Again this year I will be joining Kim from Reading Matters, Alison from The Globe and Mail, and new jury member Marcie from Buried in Print on the Giller Prize Shadow Jury. The shortlist will be announced on October 1st, after which we will be reading and reviewing the books on the shortlist, and making our shadow selection a few days before the real winner is announced on November 19th.

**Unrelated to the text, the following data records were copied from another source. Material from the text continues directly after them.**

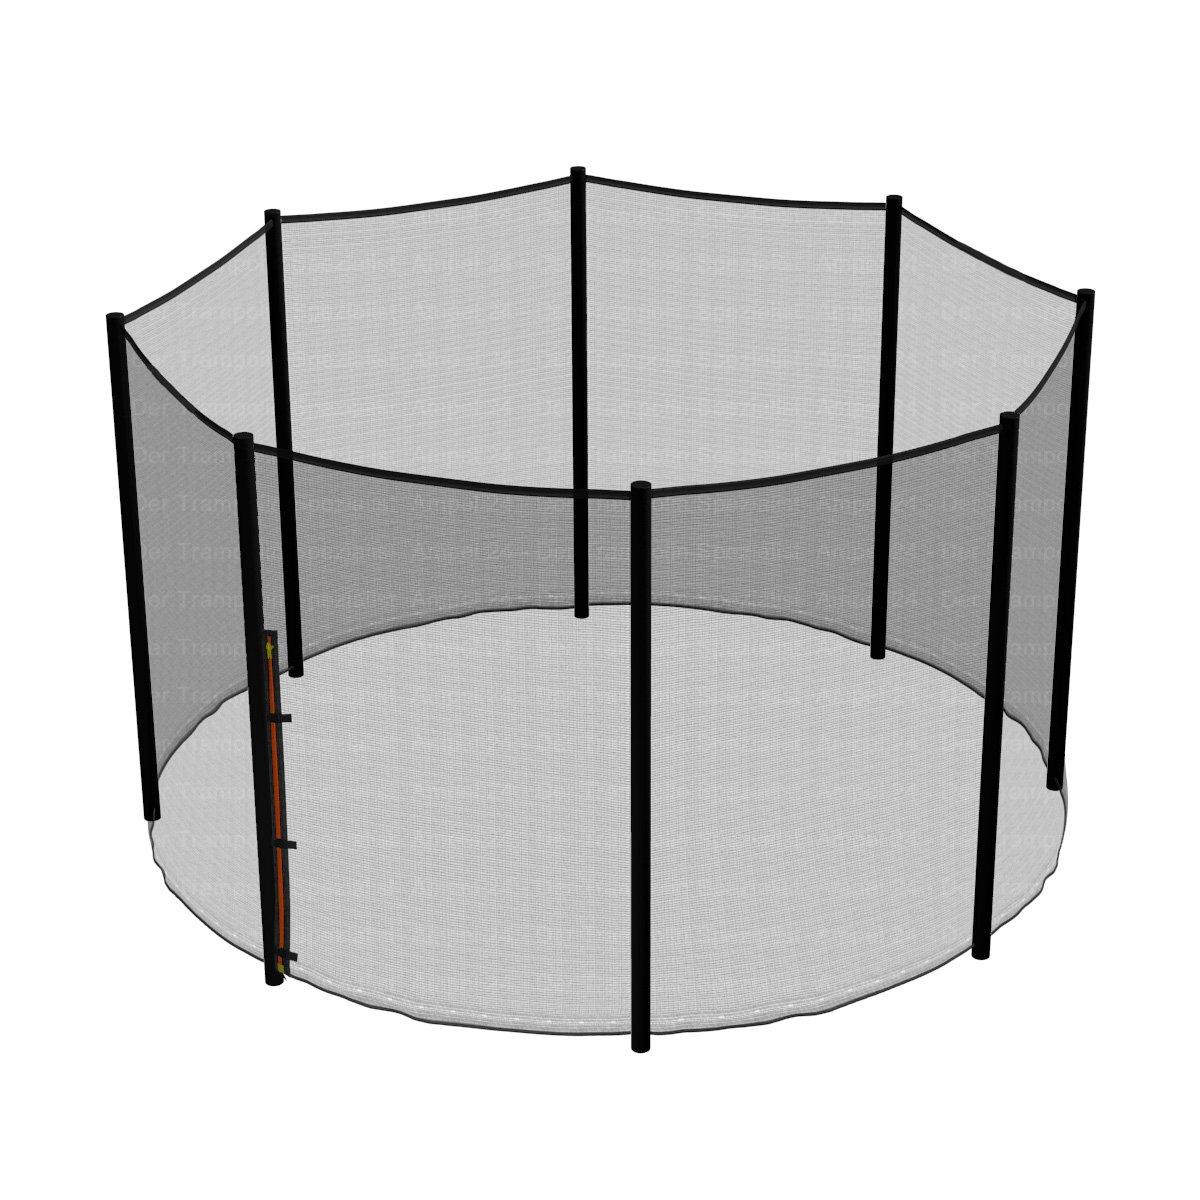 Ampel 24 Trampolin Sicherheitsnetz   Ersatznetz 305 cm für 8 Pfosten   UV-Besteändig   extrem reißfest   Netz außenliegend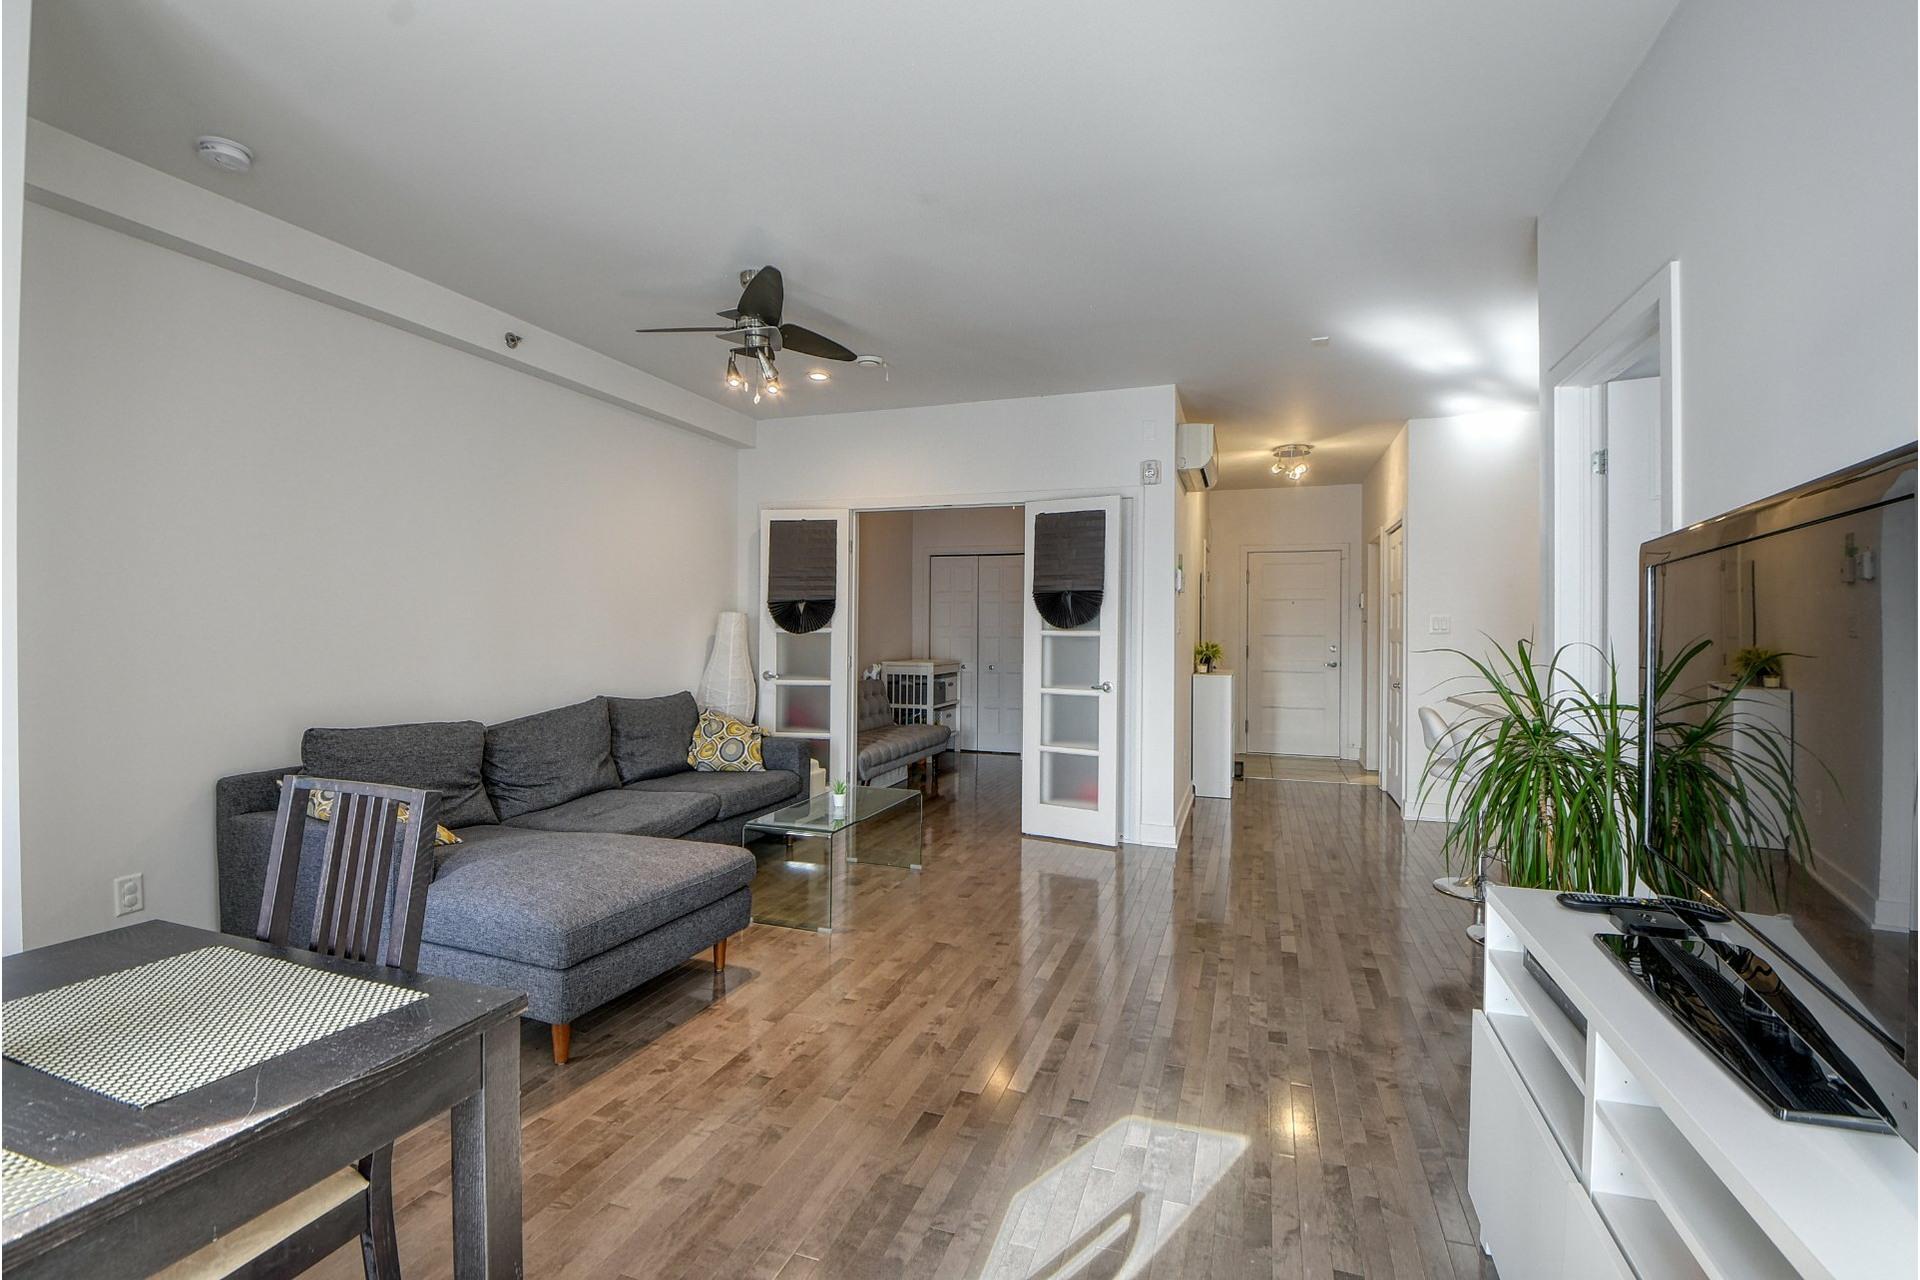 image 5 - Appartement À vendre Le Sud-Ouest Montréal  - 8 pièces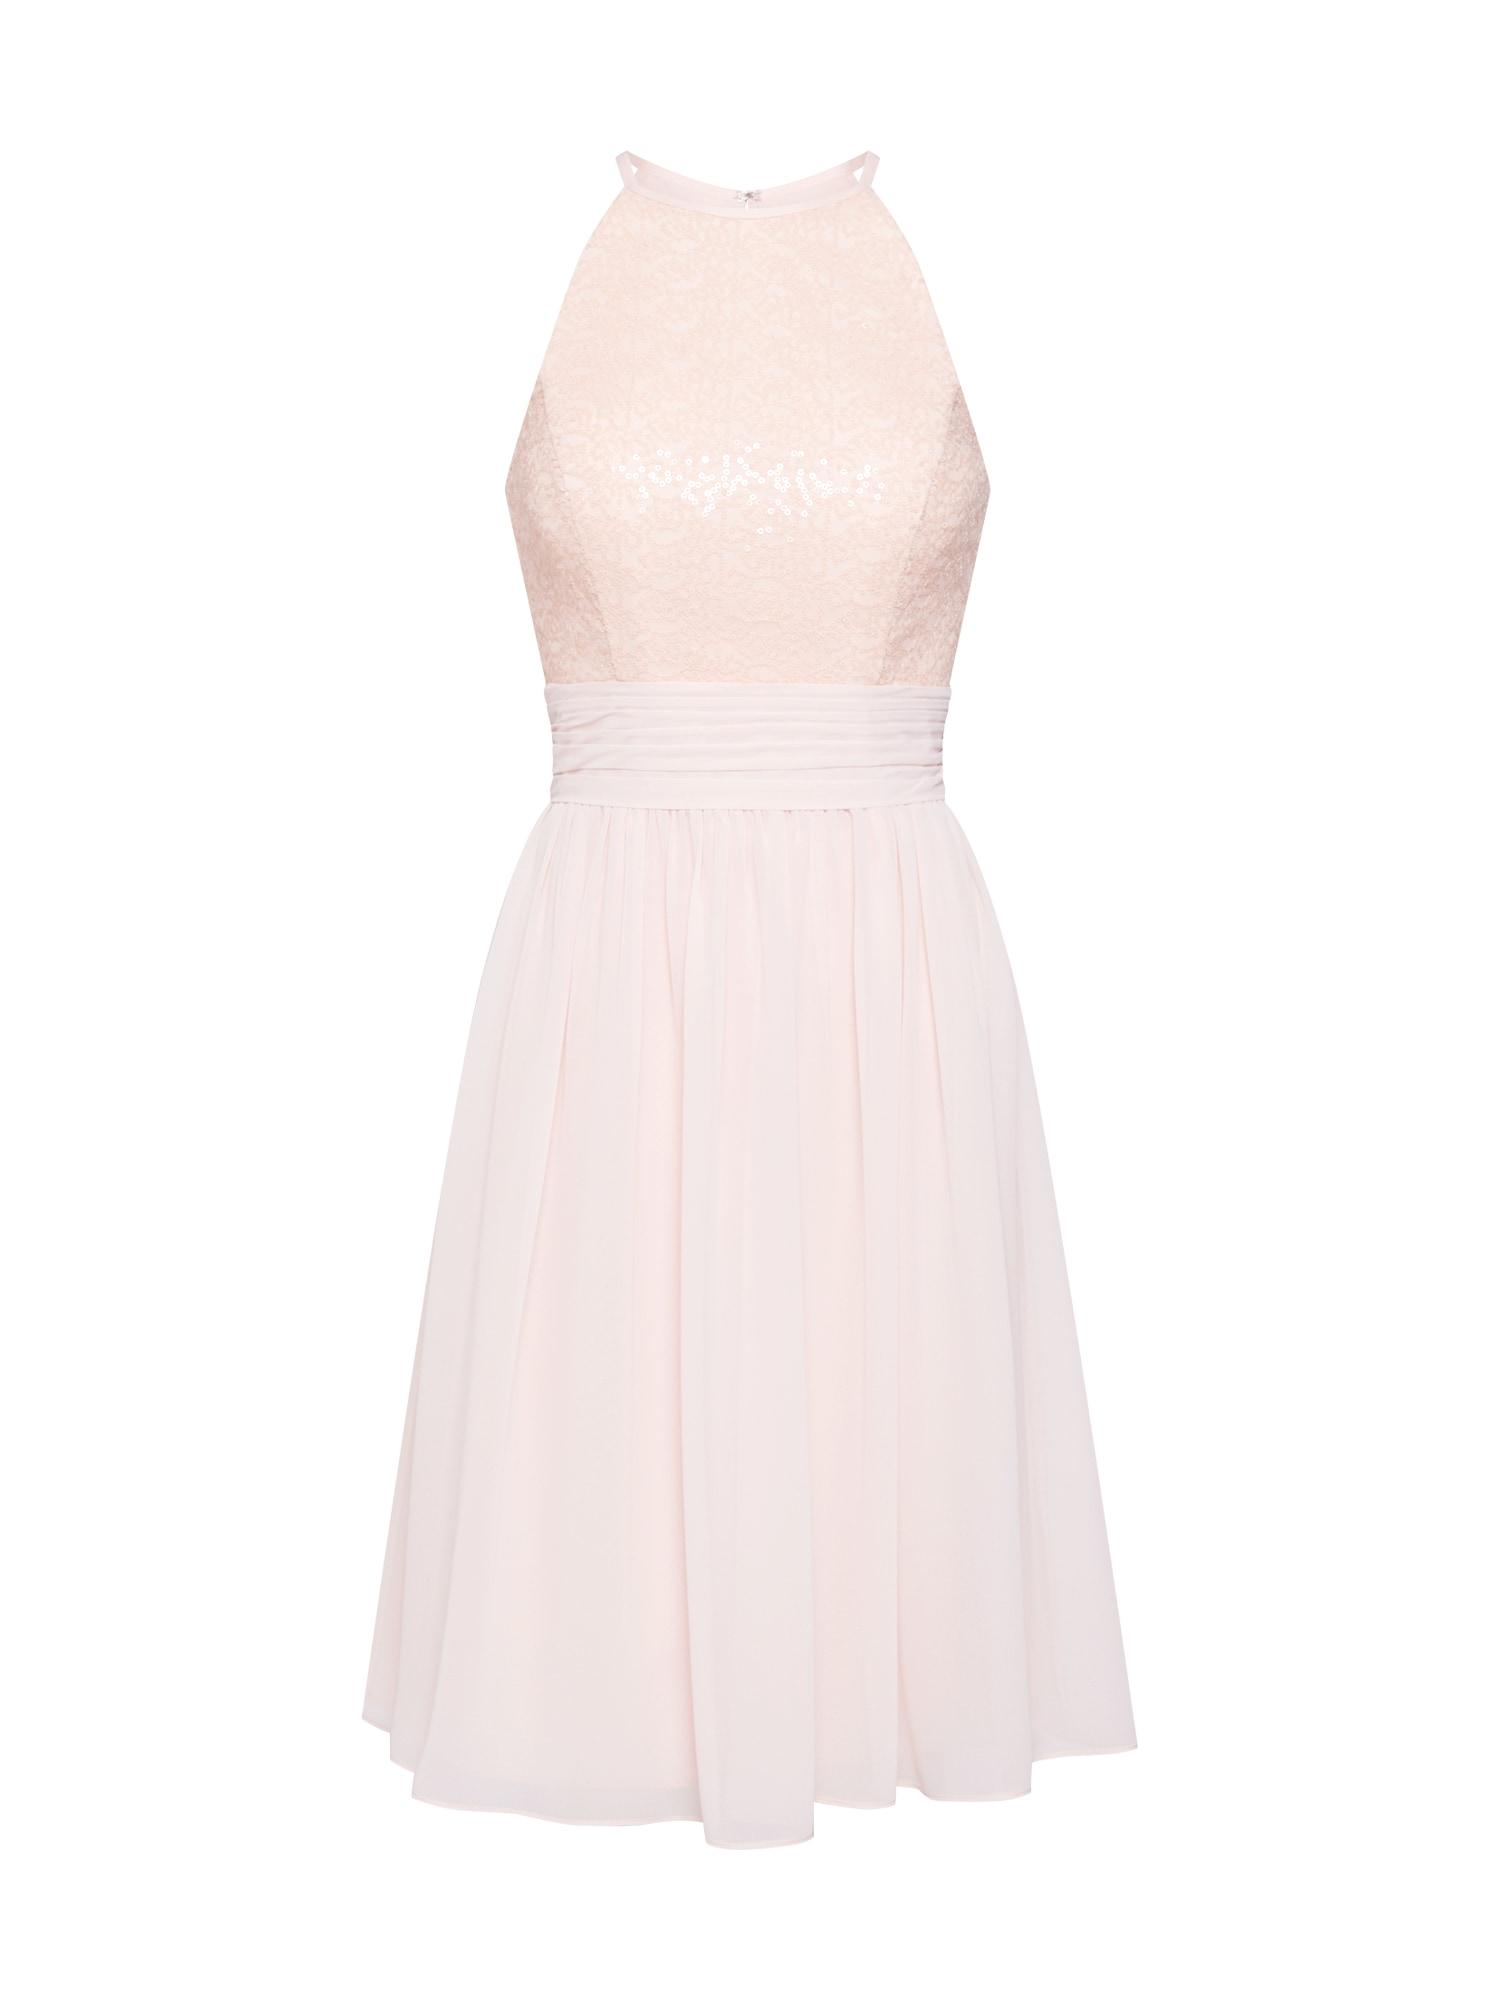 STAR NIGHT Sukienka koktajlowa  różowy pudrowy

Here’s the longlist (announced September 17th):

  • Paige Cooper for her story collection Zolitude, published by A John Metcalf Book, an imprint of Biblioasis
  • Patrick deWitt for his novel French Exit, published by House of Anansi Press
  • Eric Dupont for his novel Songs for the Cold of Heart, translated by Peter McCambridge, published by QC Fiction, an imprint of Baraka Books

 

  • Esi Edugyan for her novel Washington Black, published by Patrick Crean Editions, an imprint of HarperCollins Canada
  • Rawi Hage for his novel Beirut Hellfire Society, published by Knopf Canada
  • Sheila Heti for her novel Motherhood, published by Knopf Canada

 

 

  • Tanya Tagaq for her novel Split Tooth, published by Viking Canada
  • Kim Thúy for her novel Vi, translated by Sheila Fischman, published by Random House Canada
  • Joshua Whitehead for his novel Jonny Appleseed, published by Arsenal Pulp Press

 

Have you read any yet? Comments? Disappointments? Which ones are you most excited about?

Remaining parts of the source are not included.